◆ What to produce ◆
Beginning with the line that holds "Fare riferimento alla" in the data below, give again every line through the one that holds "Battery for Gigabyte", exactly as written.

◆ Records ◆
——

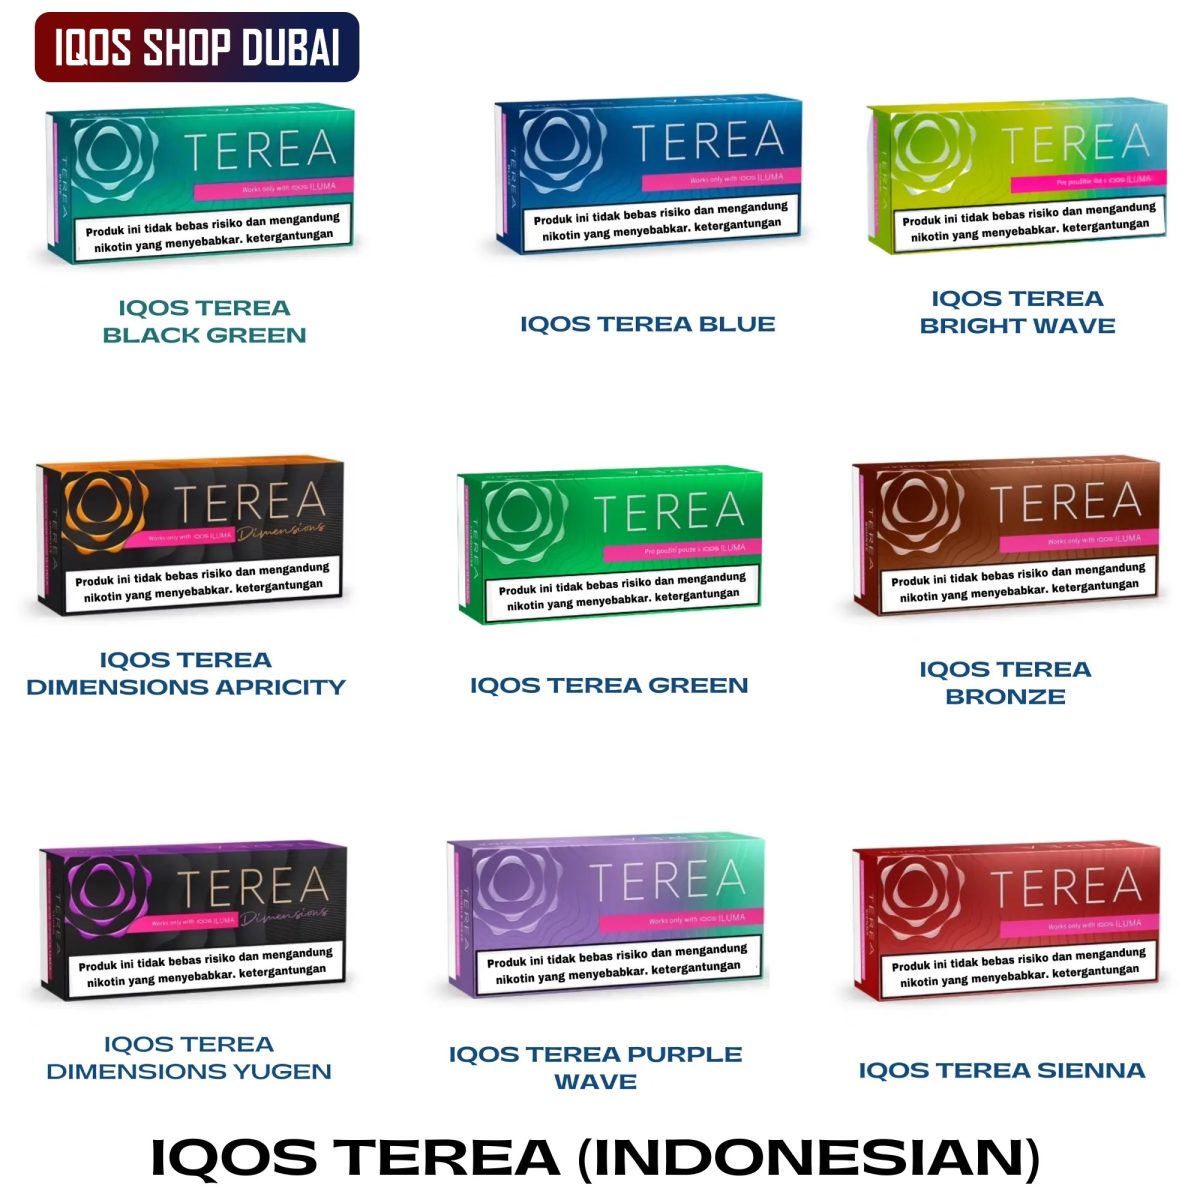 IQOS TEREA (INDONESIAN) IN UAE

——

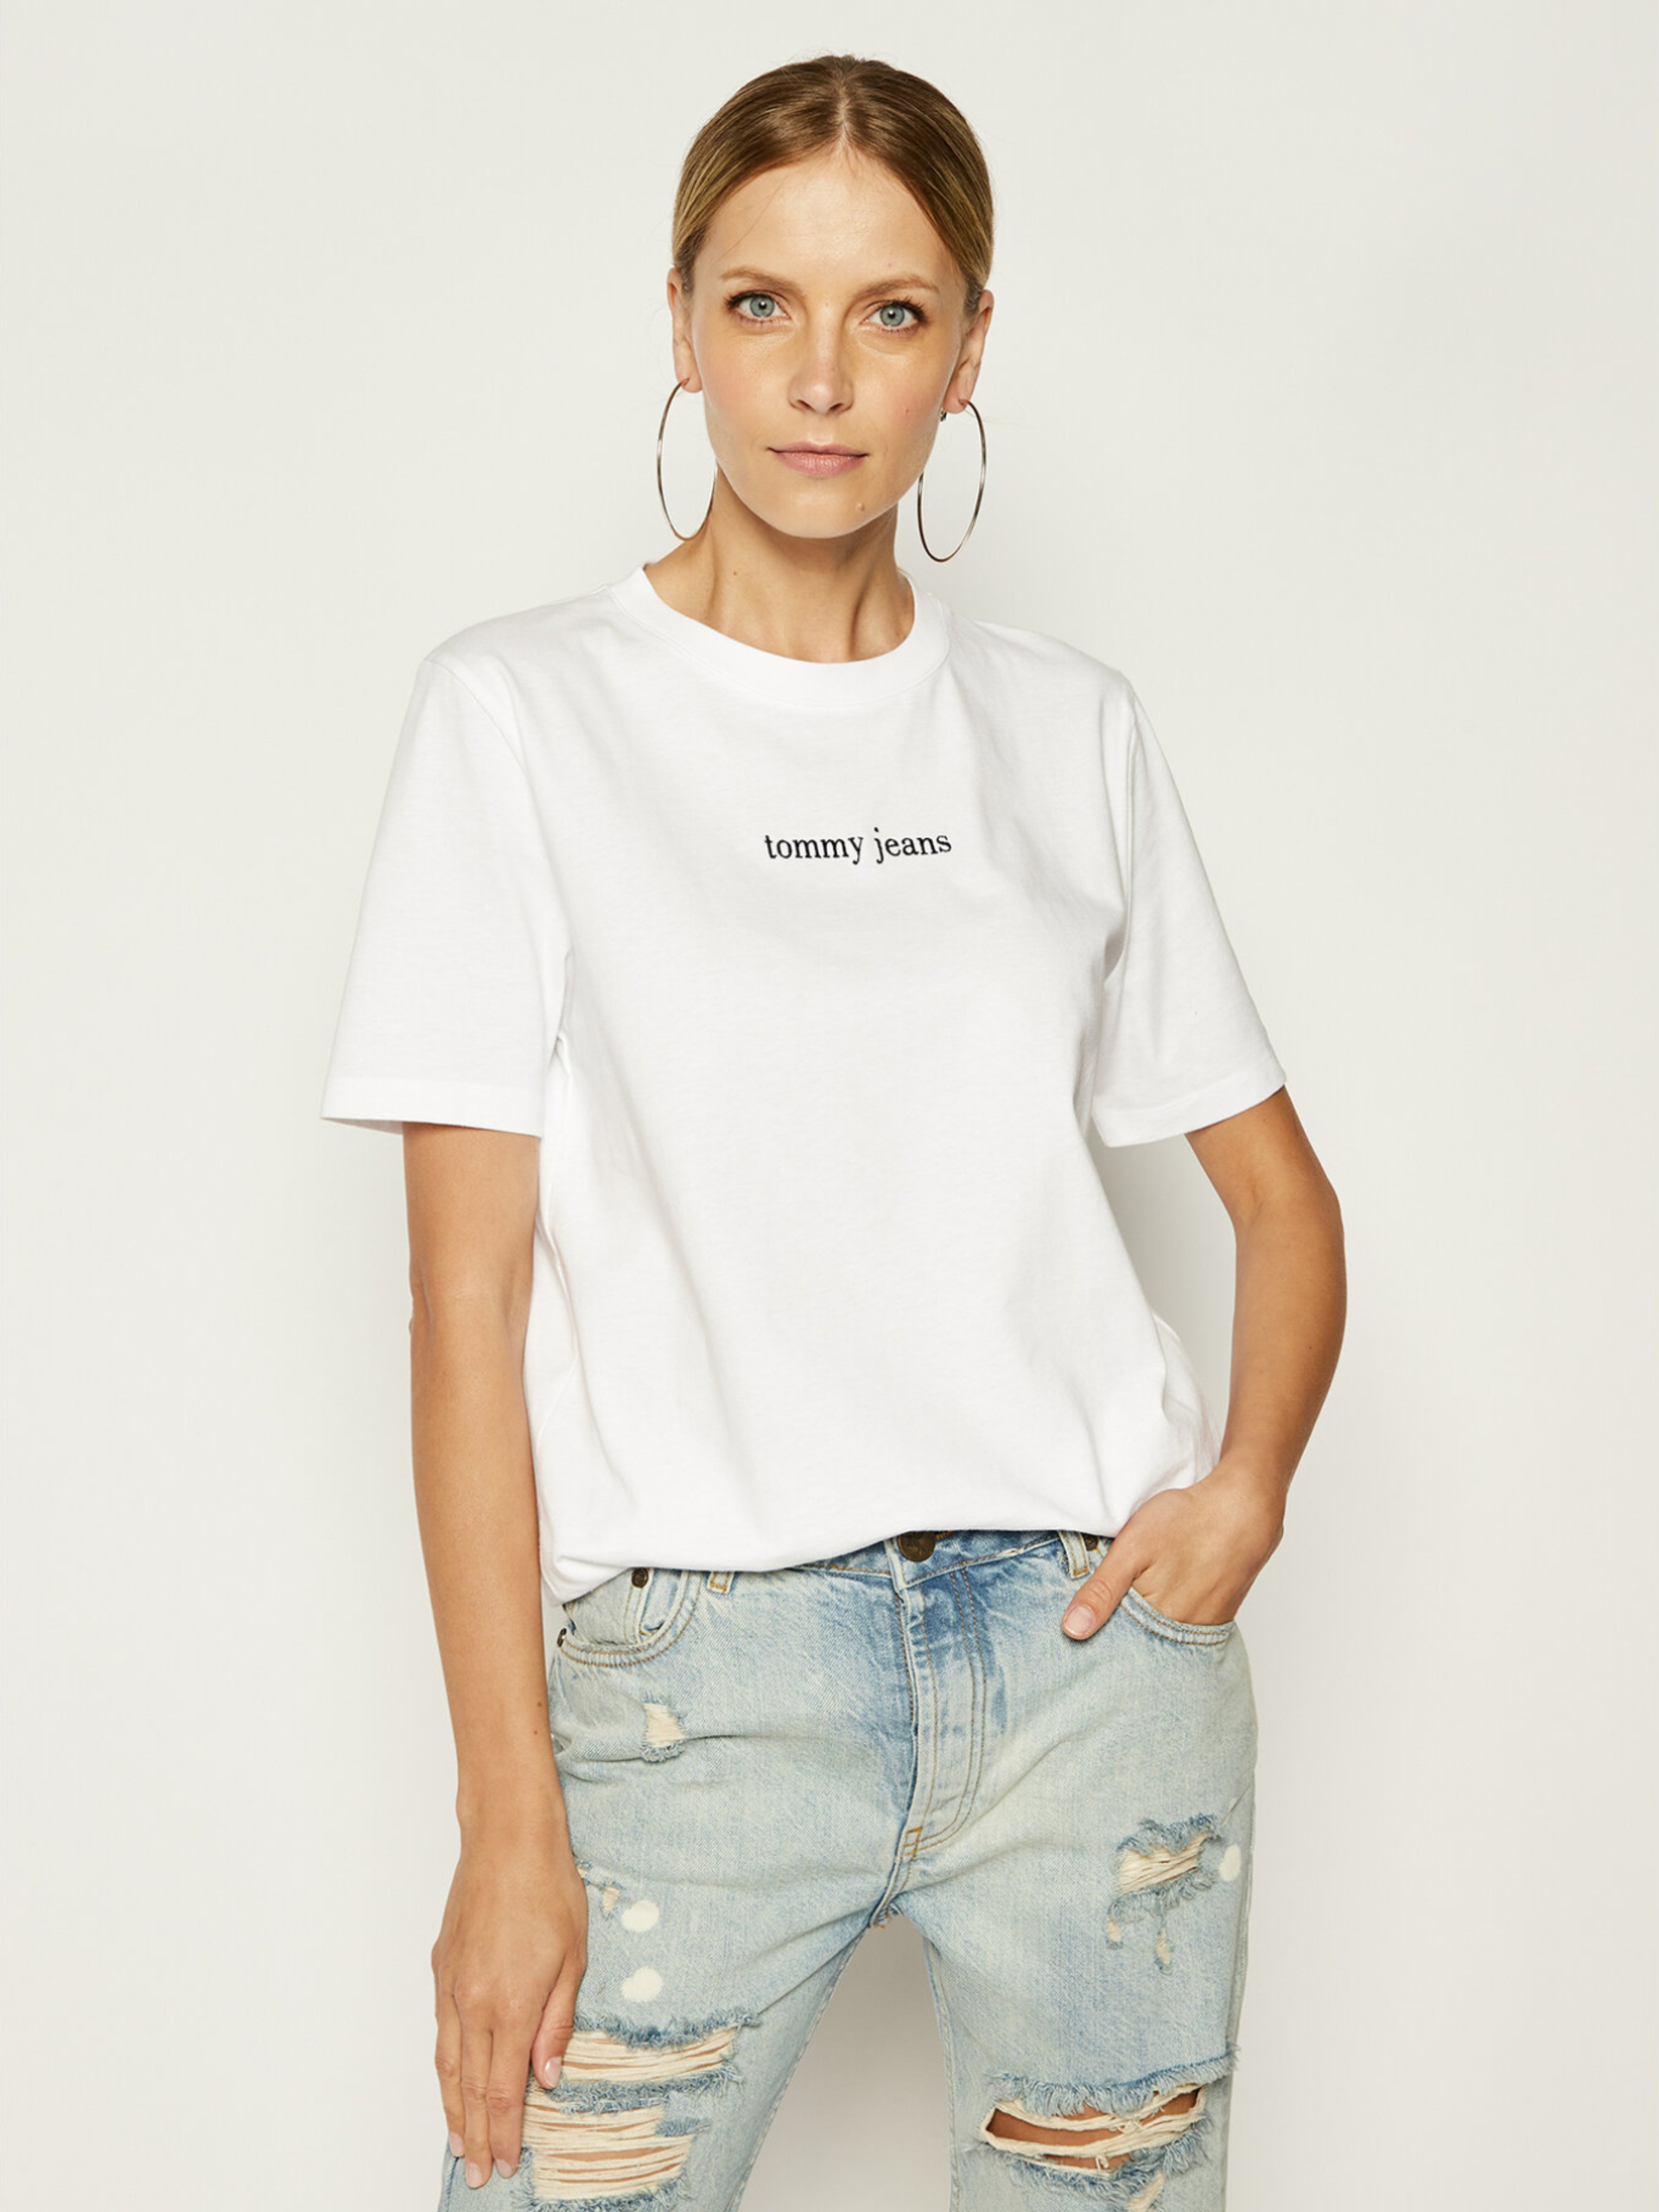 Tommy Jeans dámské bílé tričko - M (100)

——

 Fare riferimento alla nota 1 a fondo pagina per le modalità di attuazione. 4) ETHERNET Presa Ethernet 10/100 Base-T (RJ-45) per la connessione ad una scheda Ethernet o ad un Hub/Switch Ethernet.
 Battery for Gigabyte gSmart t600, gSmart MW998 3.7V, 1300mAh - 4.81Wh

——

◆ Written response ◆
 Fare riferimento alla nota 1 a fondo pagina per le modalità di attuazione. 4) ETHERNET Presa Ethernet 10/100 Base-T (RJ-45) per la connessione ad una scheda Ethernet o ad un Hub/Switch Ethernet.
 Battery for Gigabyte gSmart t600, gSmart MW998 3.7V, 1300mAh - 4.81Wh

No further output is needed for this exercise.